If I turn one of my Fenix lights on and leave it running until it goes out, take the 18650 out and measure it with a multimeter it reads about 2.91v. So the light cuts out under 3v. If i then wait a couple of hours and measure again it reads 3.00v.
What dark magic is this? Why does the voltage creep back up to 3v? and how did the controller in the Fenix light know when to cut the power if the raw voltage reading of the battery at that point was 2.91v?
It’s normal for a healthy cell to creep back to its nominal voltage. The the 2.9v you see was taken right after it had undergone a “load” from the light.
Normally its 3.4 to 3.6v for a healthy cell to be in fully-discharged, after sitting for sometime.
If you recall, even your car battery will do this if the car won’t start and you grind it down to the solenoid “Click, Click”. After a few minutes it generally will regain enough voltage to try and turn the engine over, albeit somewhat slowly and not for long.
All battery voltage ‘sags’ under load. The higher the load, and the poorer the battery > the more pronounced the sag. Remove the load, which included the cut-off in a light > voltage rebound.
You can take a crap battery, completely full, put it under a high load in a demanding application, and have it fail/quit almost immediately. But, check it with a low load and almost all the capacity is still there.
Which is why some high output/lower capacity batteries, will do better in some high demand lights, than a low output/higher capacity battery.
The ability to bounce back after a deep discharge is one of the signs of a healthy cell. Cells that don’t bounce are culled out and rejected for use in some aerospace applications.

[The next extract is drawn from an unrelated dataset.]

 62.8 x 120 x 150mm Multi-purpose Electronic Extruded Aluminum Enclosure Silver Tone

> how did the controller in the Fenix light know when to cut the power
from your comments it seems the Fenix has built in LVP (Low Voltage Protection)
you dont say which Fenix, so I cant look it up, but LVP should be listed as a feature
your comments also suggest the Battery Cell is UnProtected, otherwise when protection in a battery is tripped, it would read 0 Volts.

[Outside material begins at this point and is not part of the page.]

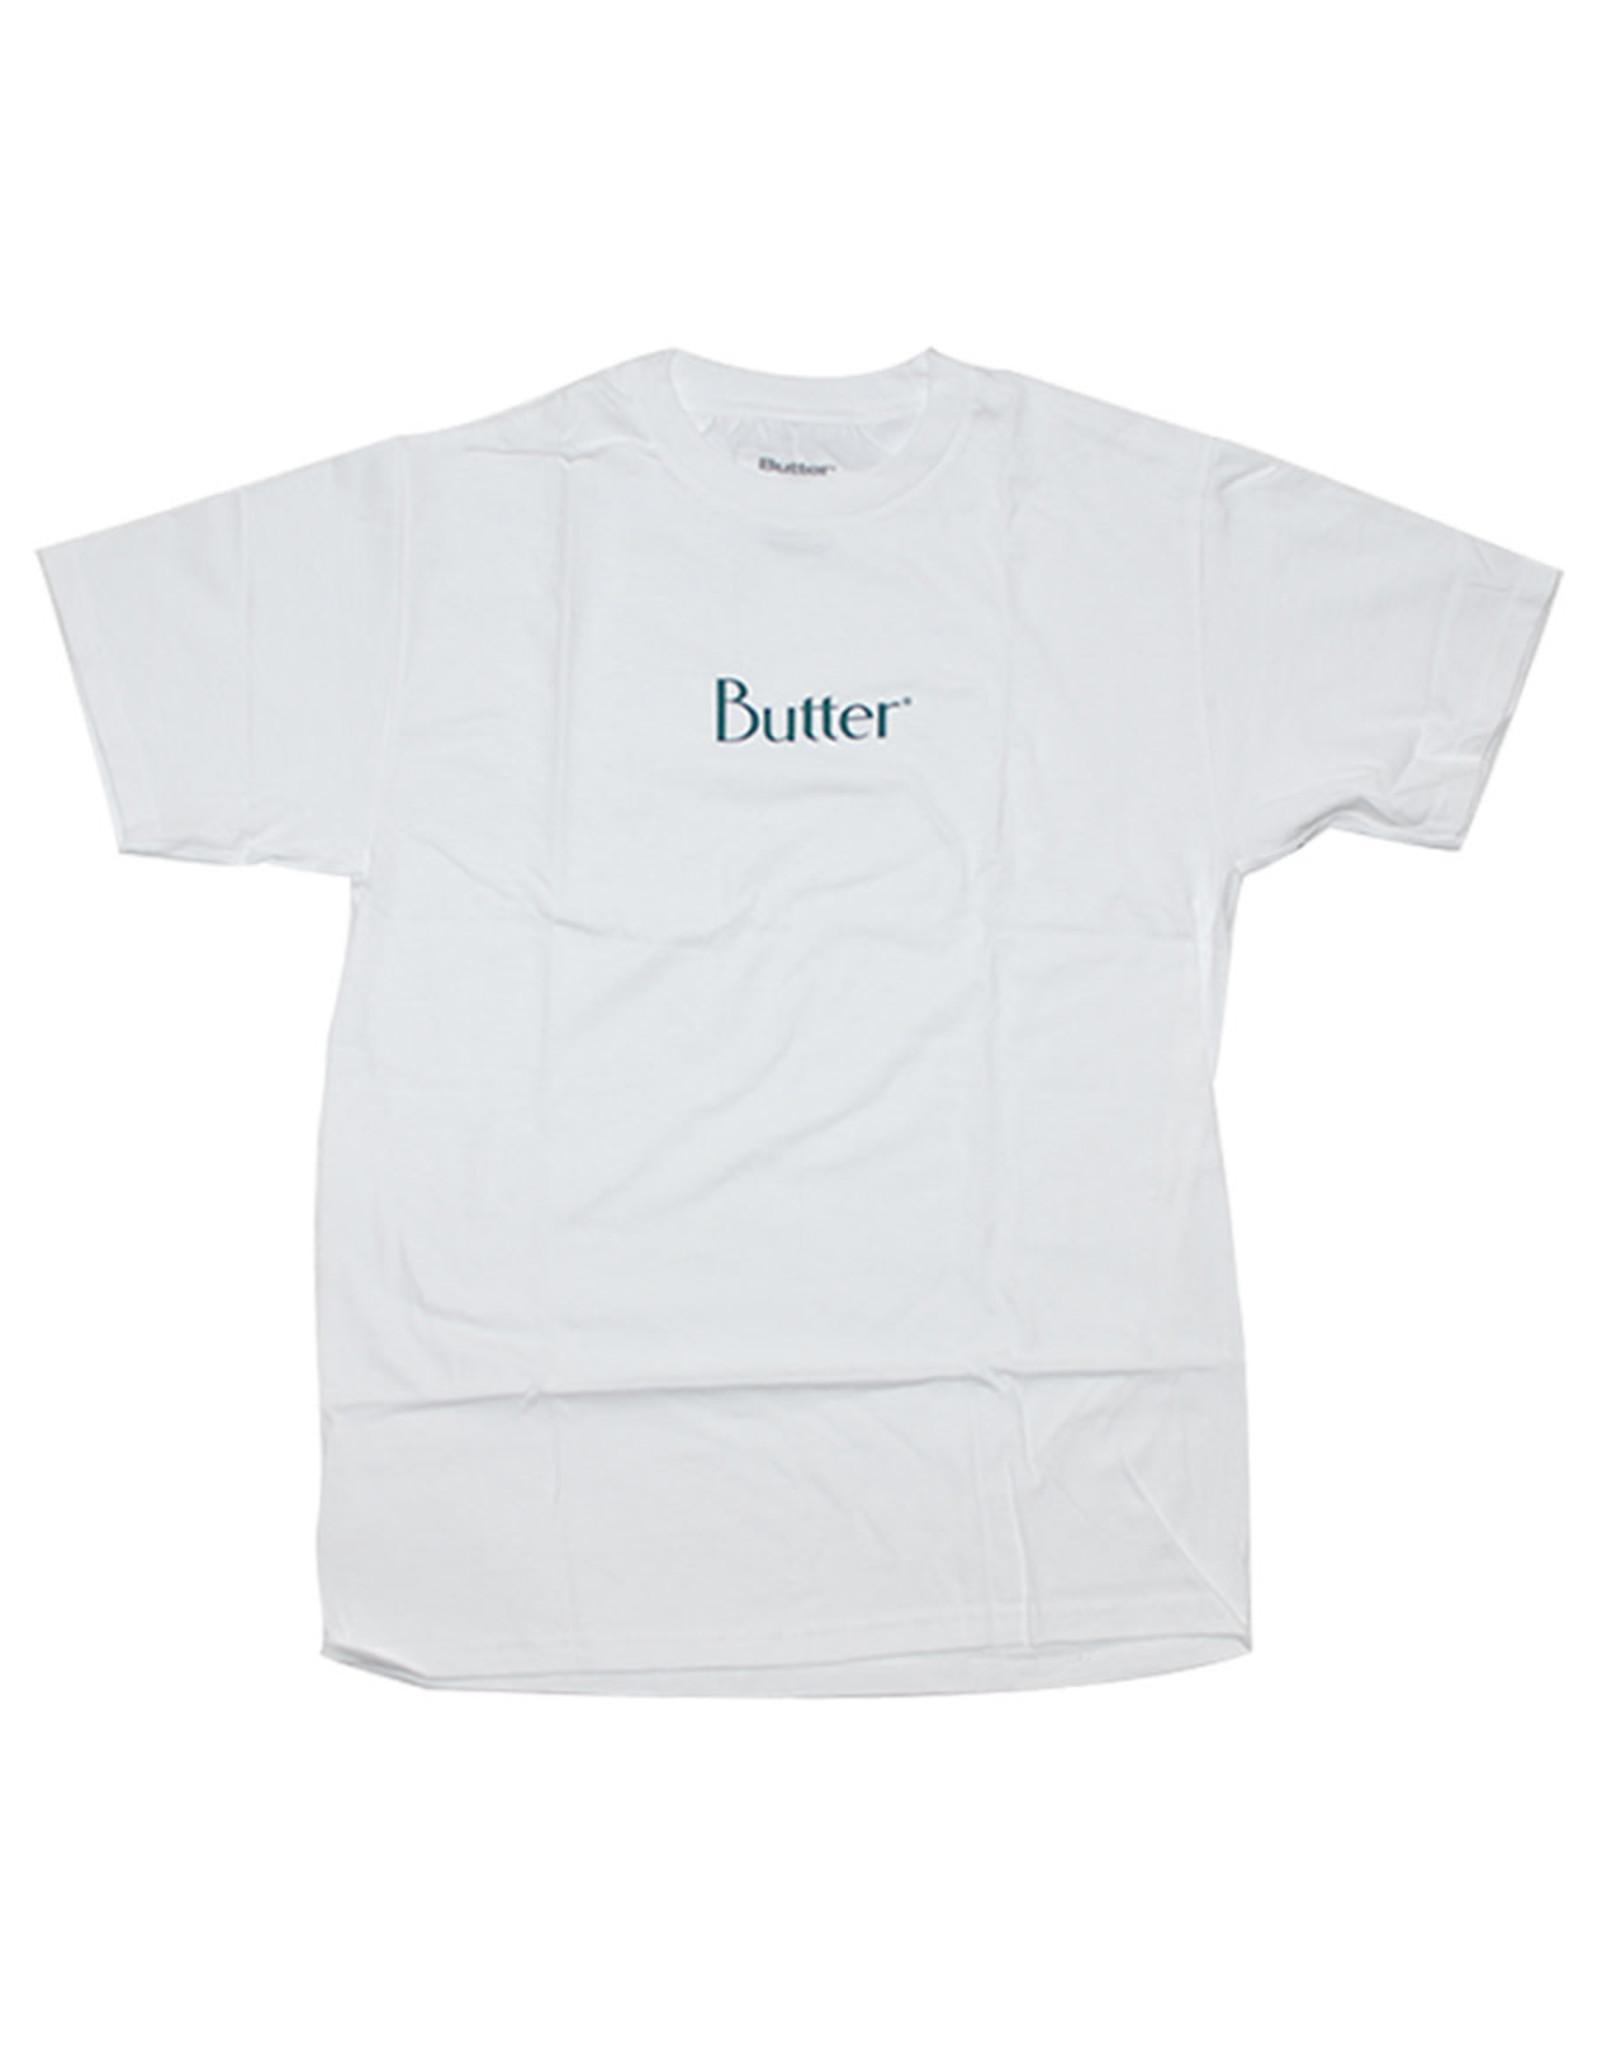 Butter Goods Butter Goods Tee Classic Logo S/S (White)

we dont know what the LVP is set to trigger at, but my guess is 2.7v (could also be 2.5v). It is better for the battery cycle life, to recharge before going below 3.4v.
the 2.91v you measured was without a load, and may have already had a slight rebound.
rebound is normal, but dont let it fool you, and dont repeatedly redrain a depleted cell, just because it rebounded (a Very temporary condition). It will trigger the LVP again, quickly, and this is Bad to do.
I see, thanks. Sounds like when it first steps down the output it would probably be sensible to switch off and remove it from the light then. I normally never get below 3.8v after evening walks so not really an issue for me, I only noticed this behaviour when deliberately running it down to see what happened.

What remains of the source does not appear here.